Family-operated (Private) Asset Management Company

A rather  broad definition of  private  equity  might  sounds like  this:  “a  professionally managed pool of money raised for the sole purpose of making actively-managed direct equity investments in private companies and with a well-defined exit strategy (sale or IPO)” (Megginson 2004). 

One may wonder why our information includes a discussion on private equity. Private equity funds are increasingly important clients of investment banks. Fruhan (2006) reports that private equity firm’s account for about 25% of total revenues for major investment banks. In 2005 about 20% of total US M&A’s volume was related to private equity. In Germany the percentage was even higher (about 35%).

In the 2001–2006 period out of the 701 US IPOs about 70% were private equity backed. Investment banks are increasingly important players of the private equity industry. Virtually all major investment banks manage some private equity funds. For example, Morrison and Wilhelm (2007) reports that Goldman Sachs has more capital invested in private equity than any other private equity player. These two reasons also explain the increasing mobility of human resources from investment banks to the private equity industry.

We like to analyze the main technical aspects of the private equity business, exploring ides of classification of the private equity activity, the agreement between the investors, who put the money, and the professionals who manage that money. Our discussions relate to how to measure the performance of private equity funds. The main features of the term sheet that regulate private equity investments. We employ standard valuation methods used by private equity professionals to decide about their investments.

Above all it gets increasingly complex in this changing economic climate to find associated who understand "Private Asset Management". You no doubt understand the importance of our structure is for this precise reason. 

Societe de Gestion de Patrimoine Familial

The SPF has existed in Luxembourg since 2007. It is the continuation model of the “Holding 1929“ which was prohibited by the European Commission – due to non-permissible state aid – and will expire.

The SPF is not a new corporate structure, but instead a new tax statute already approved by the EU.

Legal structure of the SPF (Private) Asset Management Company

  • The SPF is founded as a corporate entity – in practise, the forms “corporation” and "limited-liability company” will prevail.
  • The company name must bear the affix "SPF".
  • Nominal or bearer shares are permitted.
  • The company is not required to be headquartered in Luxembourg. In the statutes, there must be a remark included that the company is subject to ”SPF legislation".

Partners of the SPF (Private) Asset Management Company

  • Physical (actual) persons / trustees (resident or non-resident)
  • Familial groups
  • Investor groups
  • Trusts
  • Private foundations

Corporations are not permissible as partners.

Permissible activities of the SPF (Private) Asset Management Company

  • This activity is limited to the purchase, holding, administration and collection of investments in financial instruments (in a broader context), including derivatives
    i.e.: stocks, holdings, funds, futures, bonds, options, precious metals, bank accounts.
  • There are no investment limits, restrictions or minimum-stake quotas.
  • The company can grant sureties, collateral and loans to affiliated companies, as long as this occurs free of charge.
  • Advance payments on dividends are permissible.
  • The company can – to an unlimited extent – take out loans from shareholders or foreign third parties and issue securities.
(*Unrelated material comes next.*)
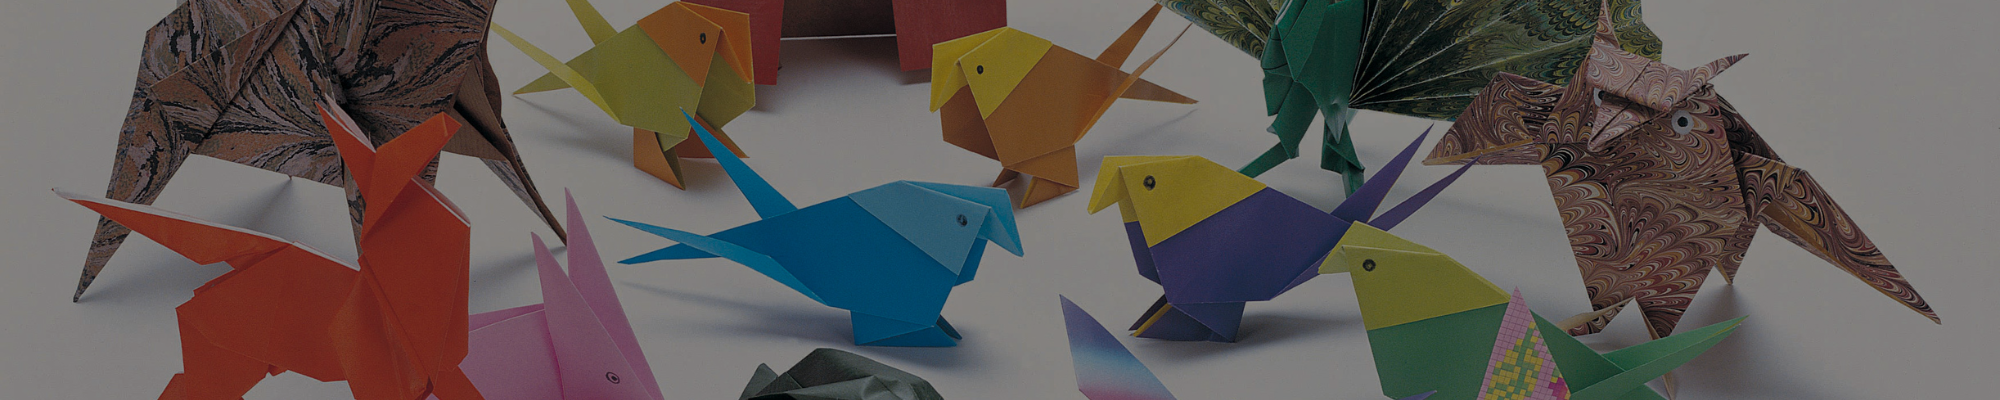 Image of different types of origami such as birds and other animals.

Non-permissible activities of the SPF (Private) Asset Management Company

  • Any kind of commercial / trading activity
  • Direct ownership of real estate
  • Holding of patents or rights
  • Administrative activity or financial services on behalf of third parties/affiliated companies
  • Receipt of more than 5% of total dividend revenues from companies subject to a  taxation of < 11%.
  • Listing of the SPF shares (or their public offering) on the stock exchange.

However, the company can hold a stake in other structures which perform such activities.  

Taxation of the SPF (Private) Asset Management Company

  • Capital levy (1%), non-recurring, upon establishment, on the deposited capital (N / A in the year 2008)
  • Subscription tax of 0.25% annually on the deposited capital (+ issuing bonuses)
  • No DBA authorisation
  • No VAT registration
  • Complete exemption from corporate income tax, excise tax and assets tax
  • No withholding tax on interest payments (restrictions apply to individuals)
  • No withholding tax on dividend payments (non-residents)
  • No taxation of capital profit arising from the sale of SPF shares (non-residents)
  • No taxation of liquidation revenues from the SPF (non-residents)

Oversight / monitoring of the SPF (Private) Asset Management Company

  • The SPF is not subject to any type of financial-market oversight. The so-called “Administration de l’Enregistrement et des Domaines" (Administration for Domain Registration) – not the tax administration in Luxembourg - has jurisdiction over such companies.
  • The domicile agent must submit a report once annually to verify that the company’s activity remains within the legal framework.
  • The SPF is protected by the Luxembourgian bank-confidentiality regulations.